Take Goldman Sachs again. Goldman is an American company, but its business is global. If only U.S.-based operations can use the most advanced models, does that actually improve Goldman’s global productivity? That is an open question — and not an easy one to answer optimistically.

When internal access requires navigating complex regulatory requirements and approval layers, the practical scope of model usage and API quotas will inevitably shrink. And when usage shrinks, the entire Scaling Law narrative — the idea that performance keeps improving predictably with more compute and data, and that this improvement justifies ever-larger investments — starts to lose coherence.

The Scaling Law story assumes a flywheel: better models attract more users, more users generate more revenue, more revenue funds more compute, more compute builds better models. Cut the user base, and the flywheel stalls.

This policy cannot last — but if it does, open-source wins

I do not think government-gated model access is sustainable. The commercial incentives against it are too strong, and the practical enforcement challenges are enormous.

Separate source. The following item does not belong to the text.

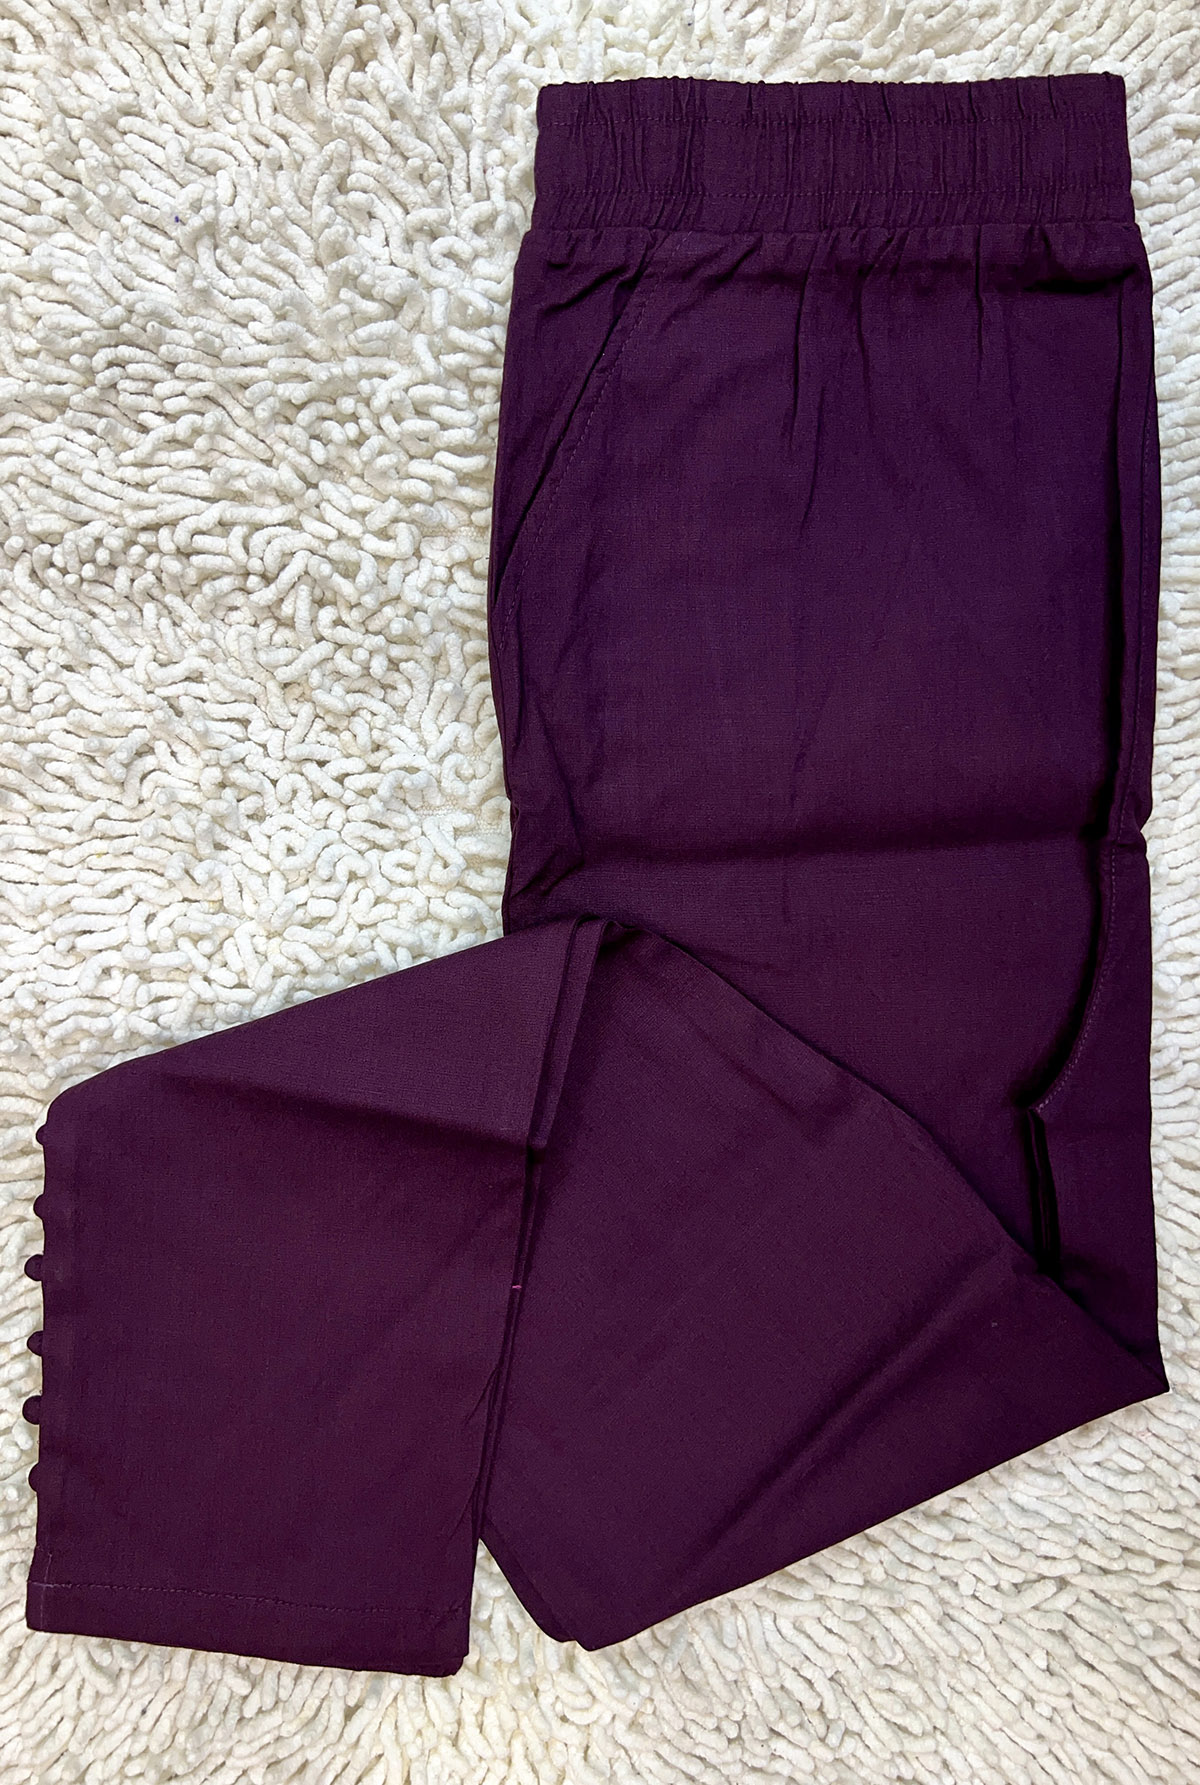 Dark Purple Lounge Pants with pockets – Jami Ray Vintage
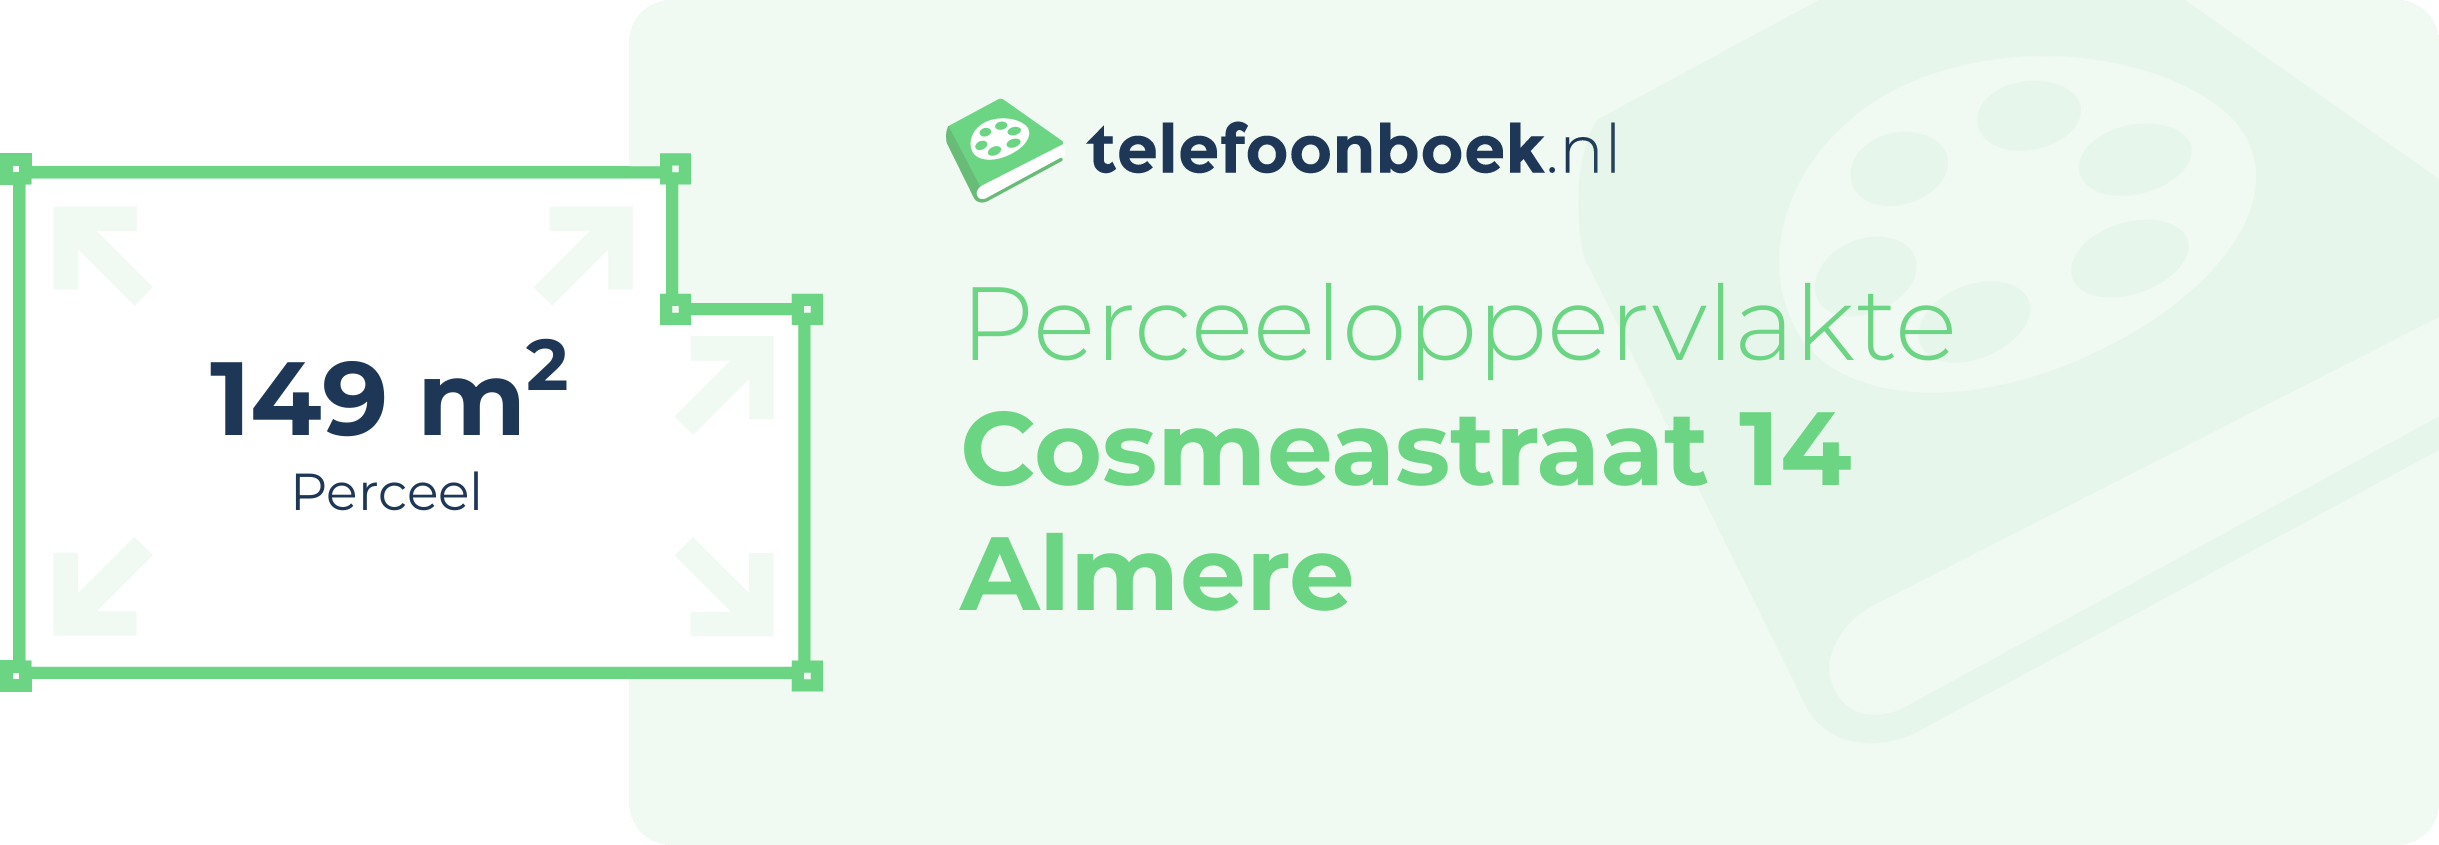 Perceeloppervlakte Cosmeastraat 14 Almere

But if it does persist, the biggest beneficiary will paradoxically be Chinese open-source models — DeepSeek, GLM, and others. Investment appetite for AI is massive and not going away. If the most capable American models are locked behind approval gates, capital and developer attention will naturally flow toward whichever models are more open and more accessible.

Yes, there are compute and technology gaps. But with enough capital and engineering talent flowing in that direction, those gaps can close faster than people expect.

What to watch in July

The key question is whether GPT-5.6 gets a broad public release in July. Altman has signaled he hopes to open access more widely “in a few weeks.” Whether that actually happens will not just affect individual developers — it will shape the direction of AI investment as a whole.

If the approval regime holds, the Scaling Law story needs a serious rewrite. If it opens up, we are back to the races. Either way, the signal from this release is unmistakable: frontier AI is no longer just a product category. It is becoming a regulated good — and that changes everything about how the market works.